_Problem description_: Here the job is to transcribe the data exactly while omitting the images.

_Source data_:
+ + + +

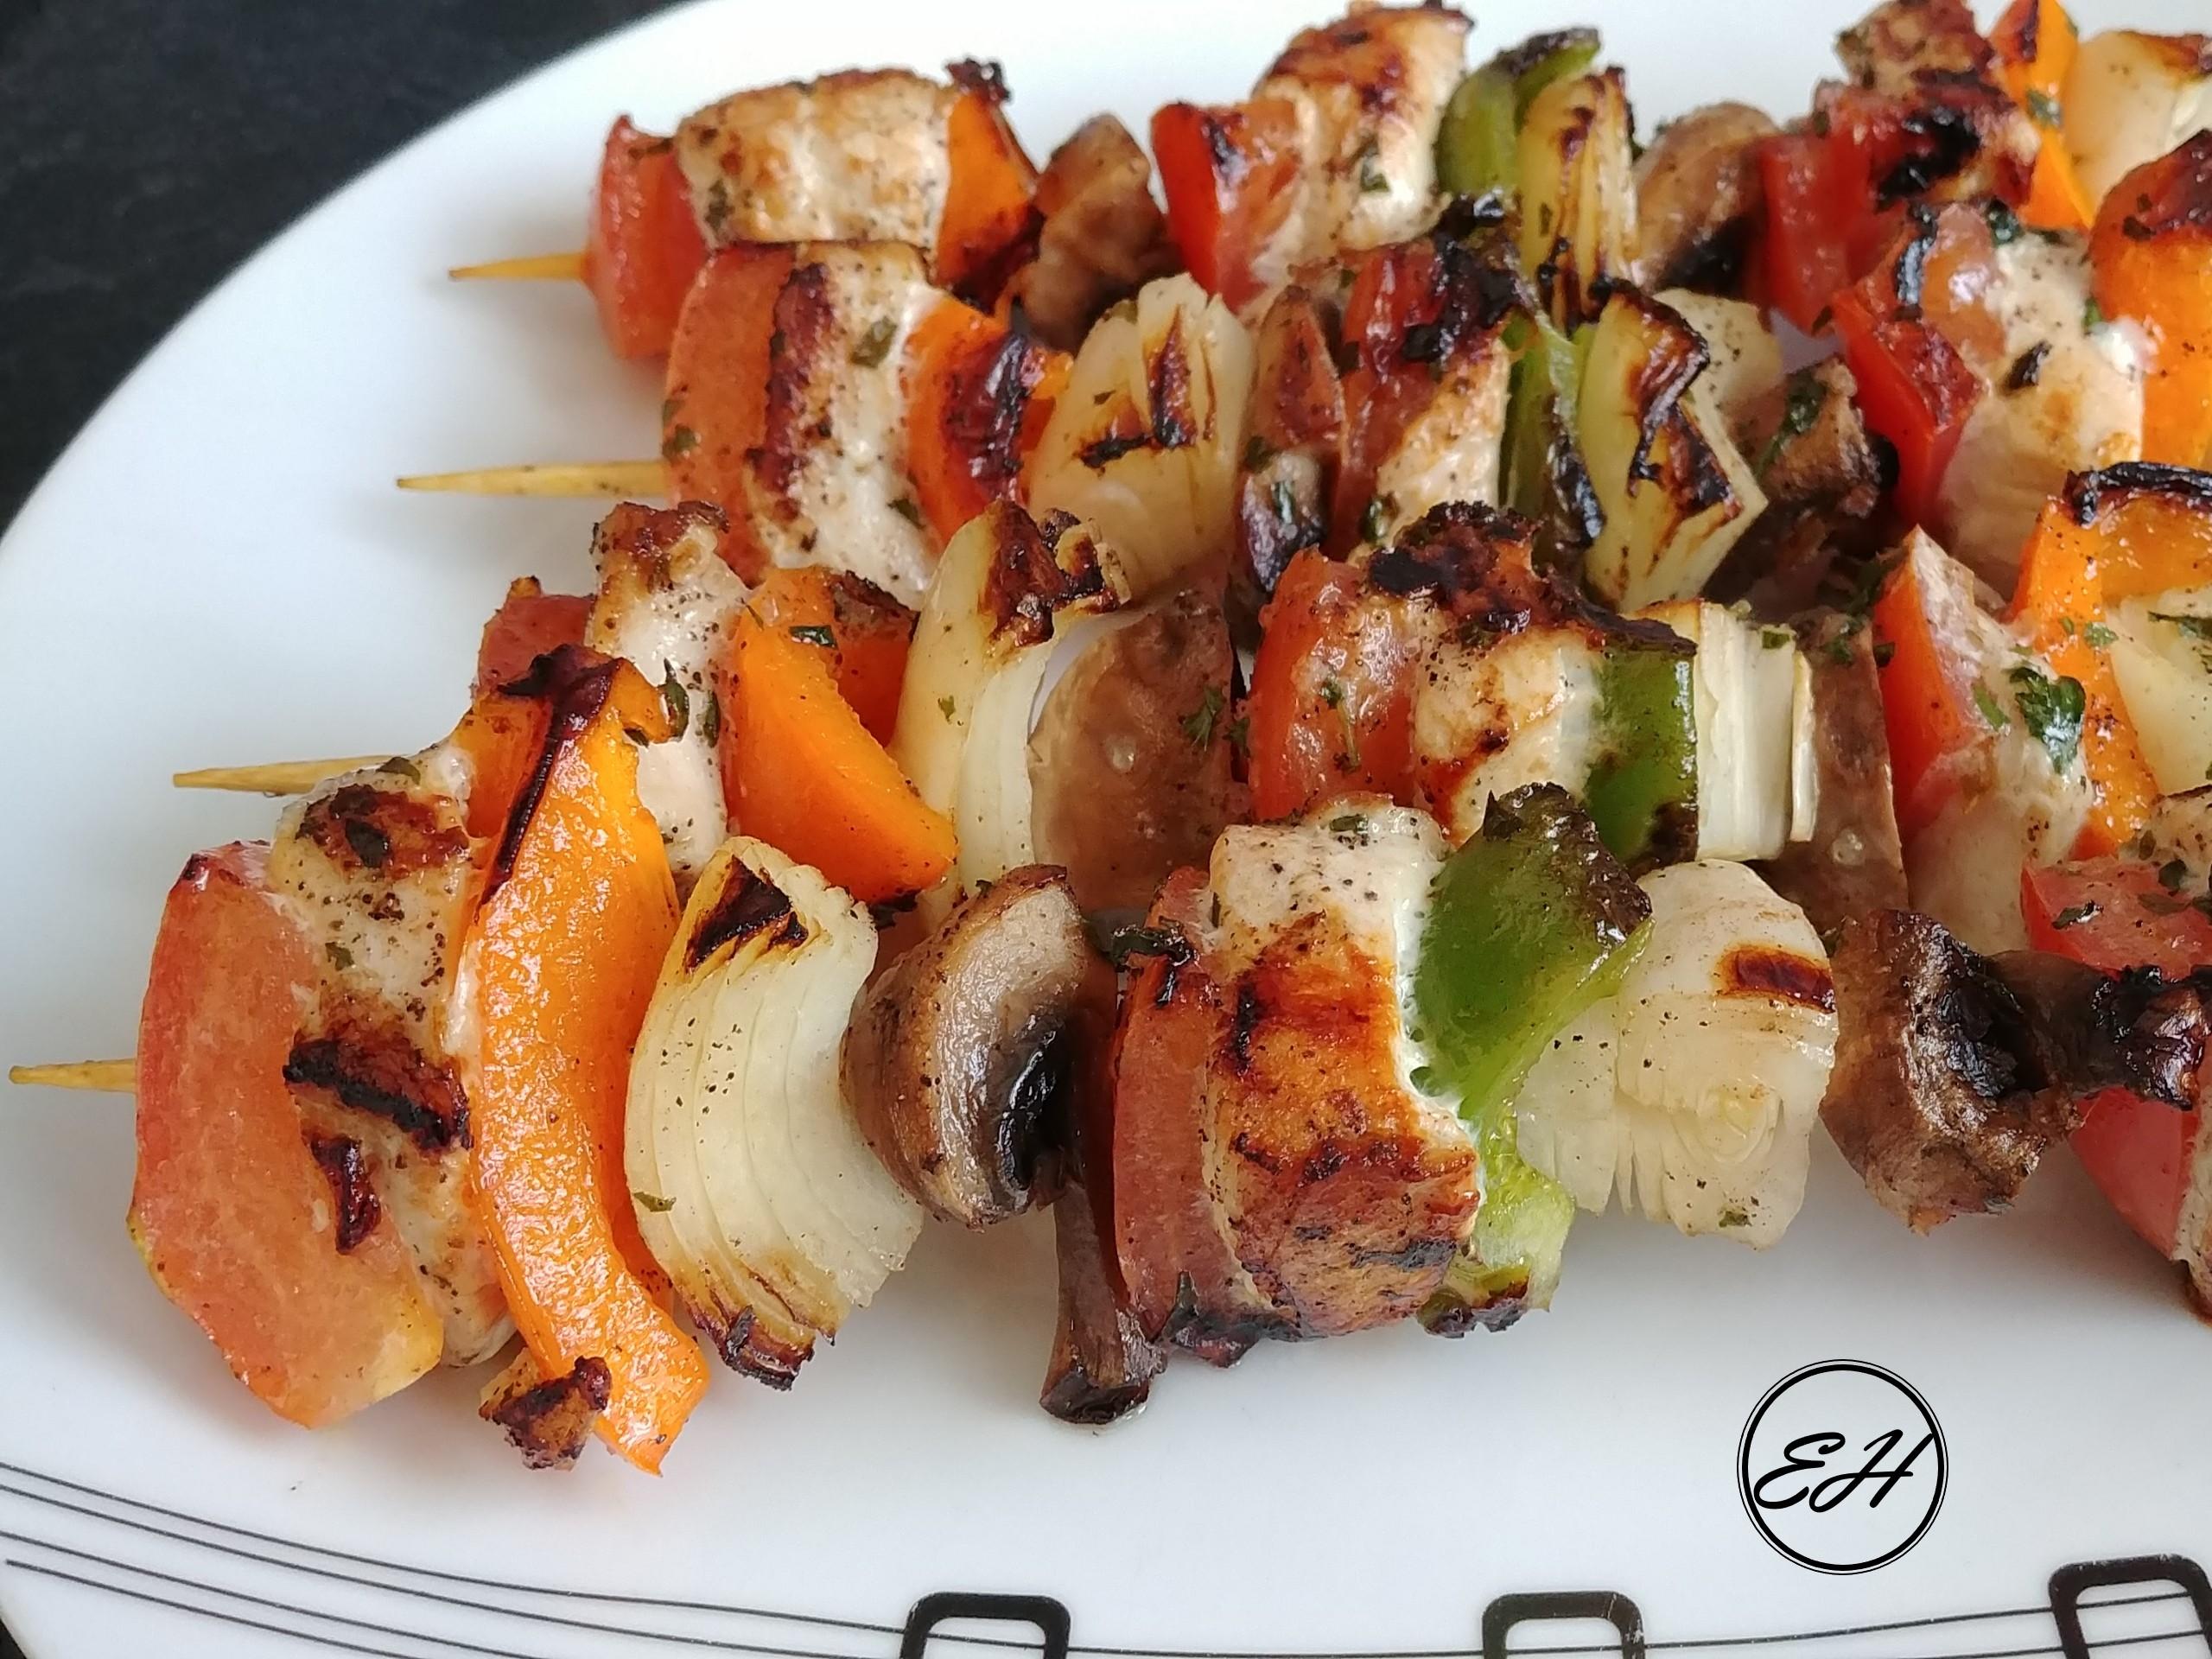 Chicken skewers - Extravagance House
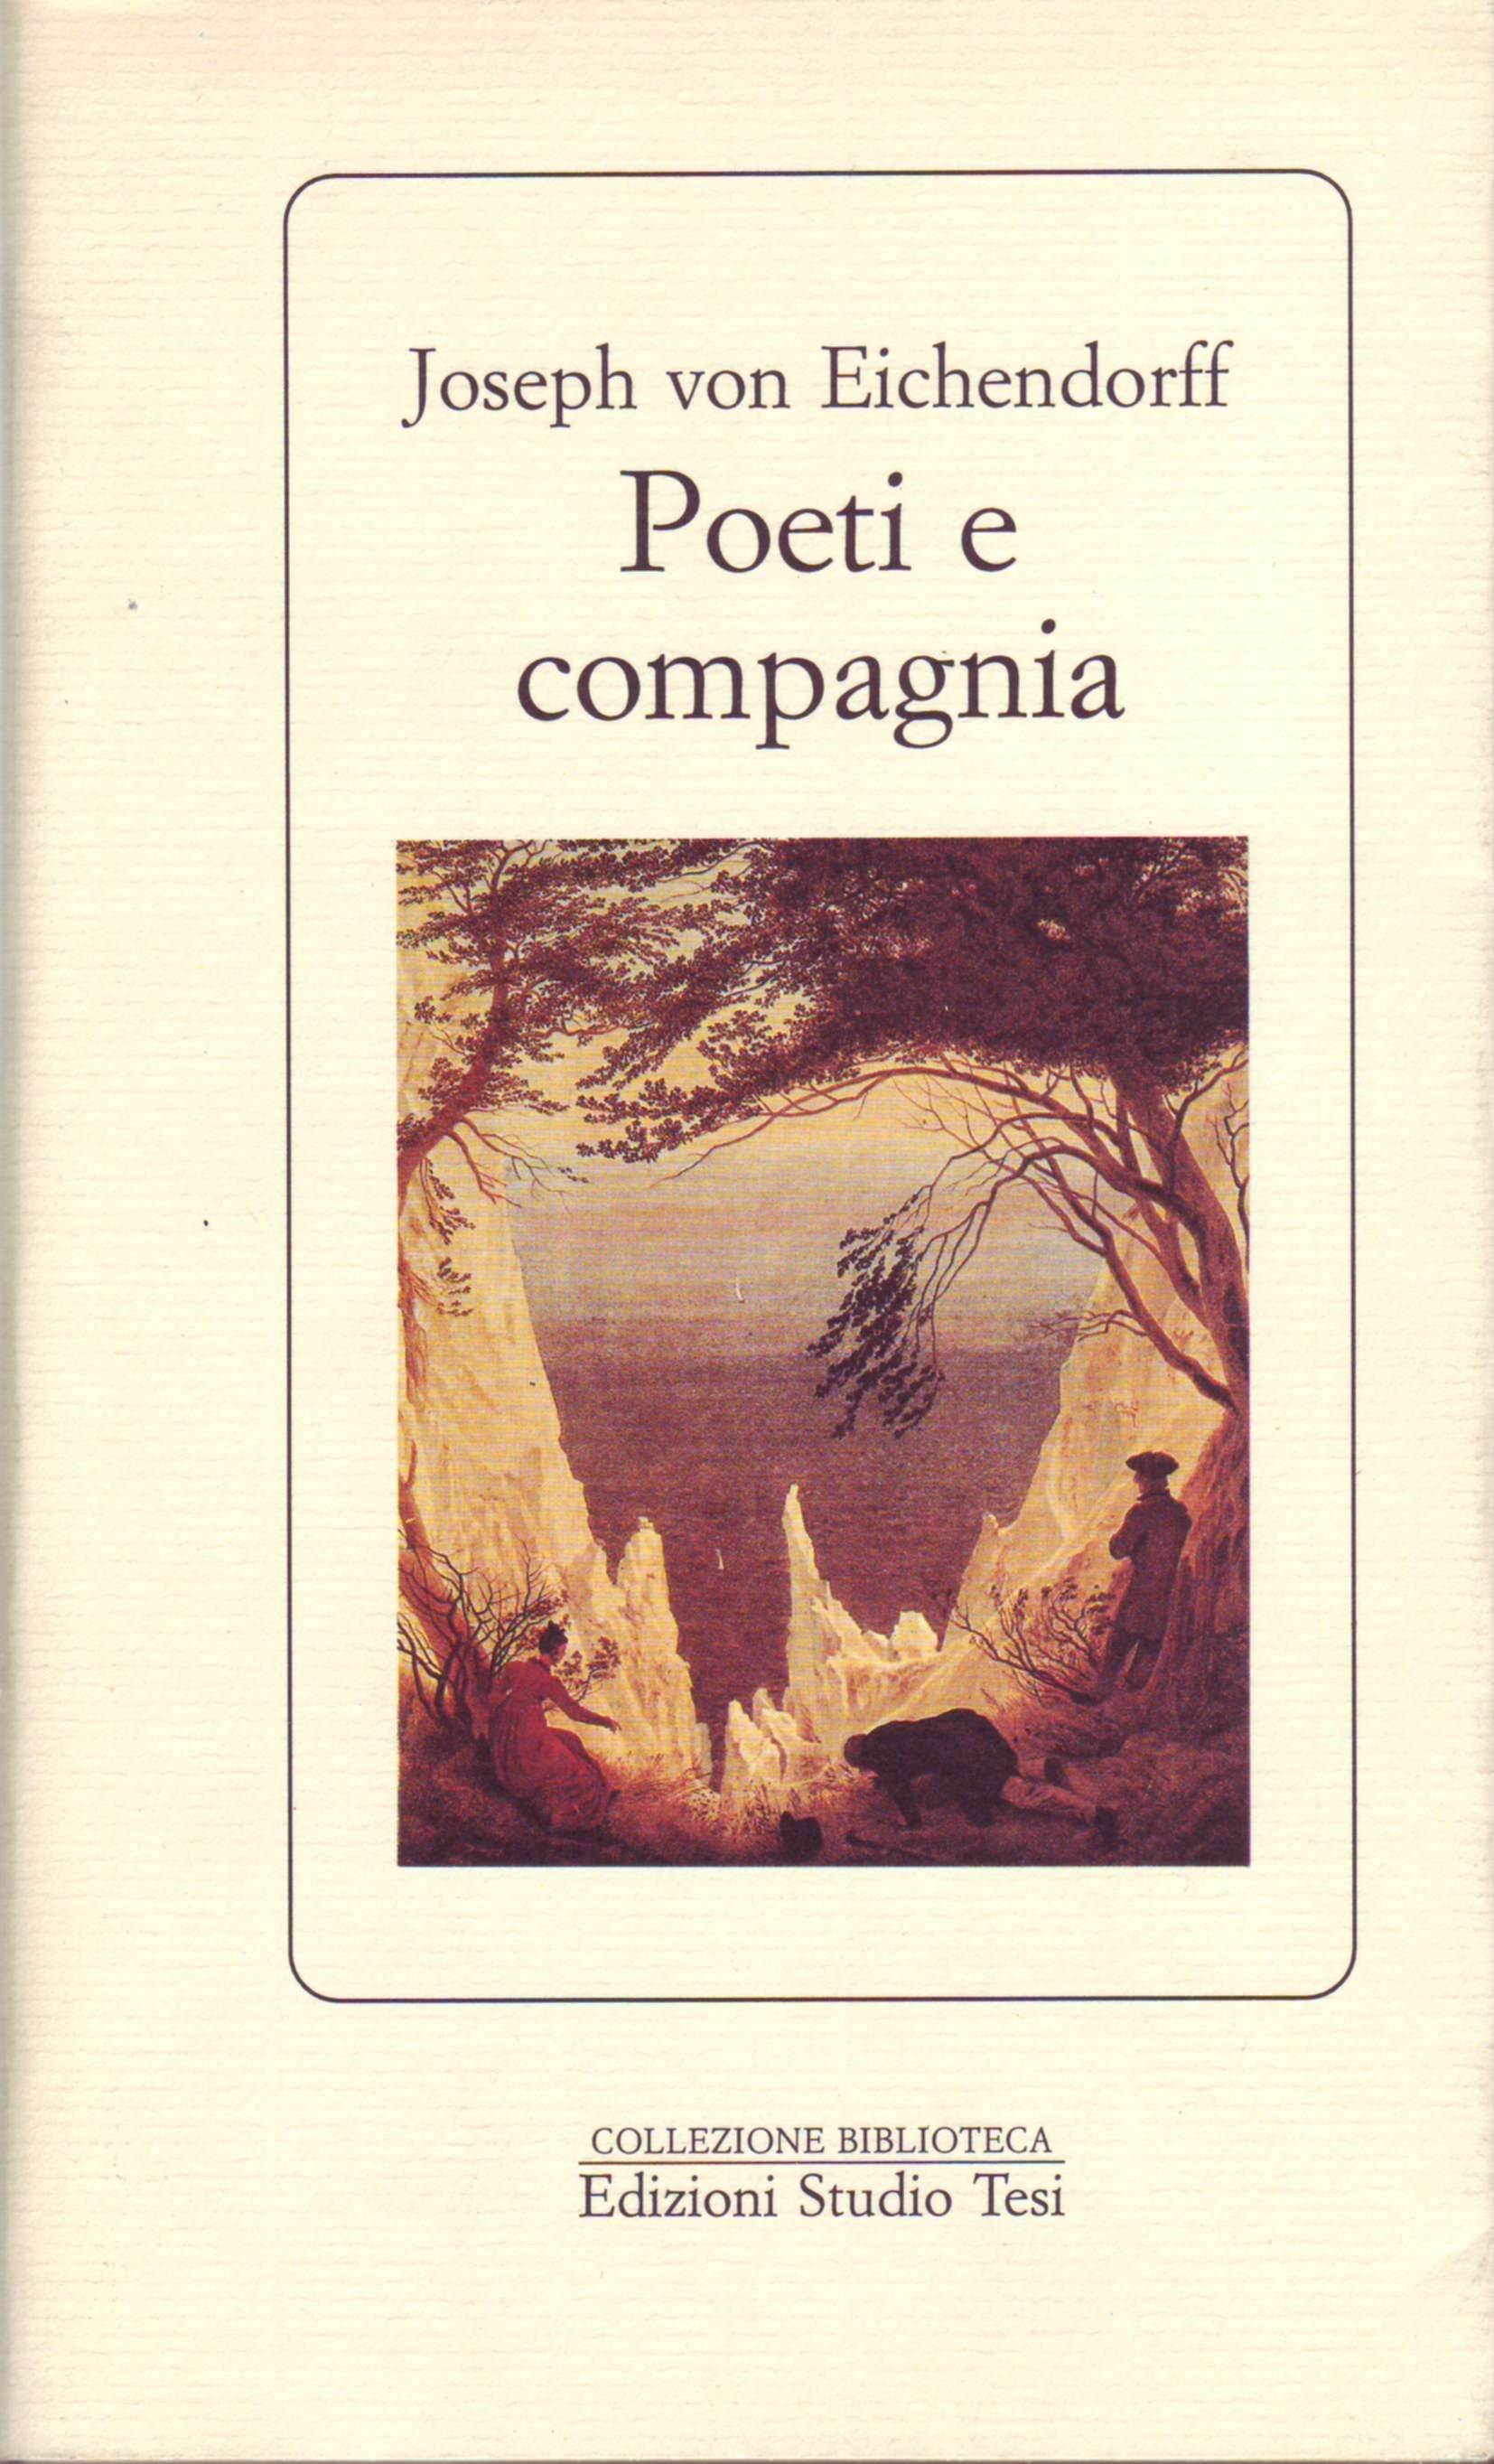 Poeti e compagnia
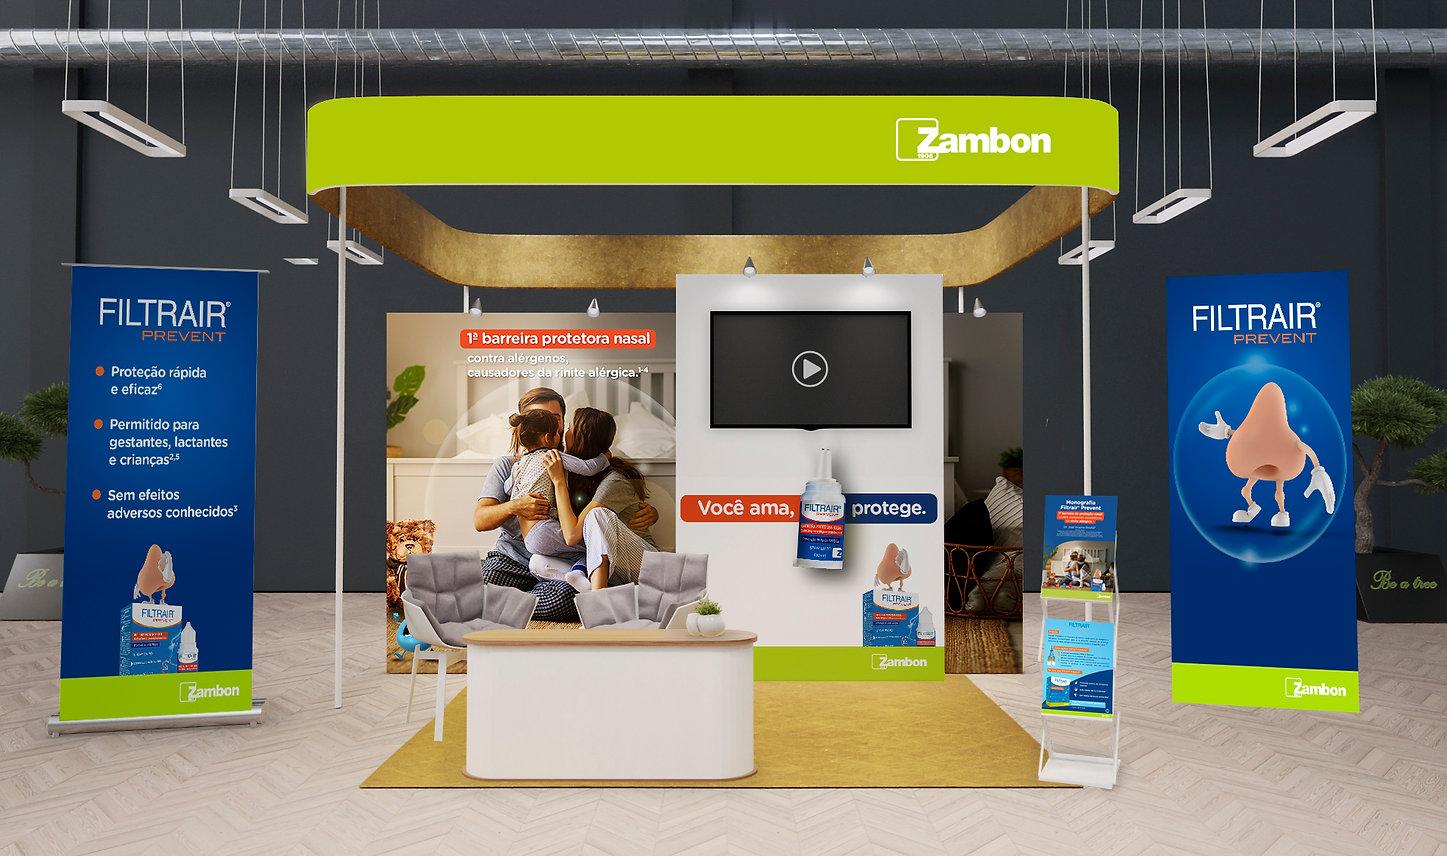 Zambon_stand_virtual_Filtrair_v2 (1).jpg

+ + + +

_Written answer_:
 Chicken skewers - Extravagance House
 Poeti e compagnia
 Zambon_stand_virtual_Filtrair_v2 (1).jpg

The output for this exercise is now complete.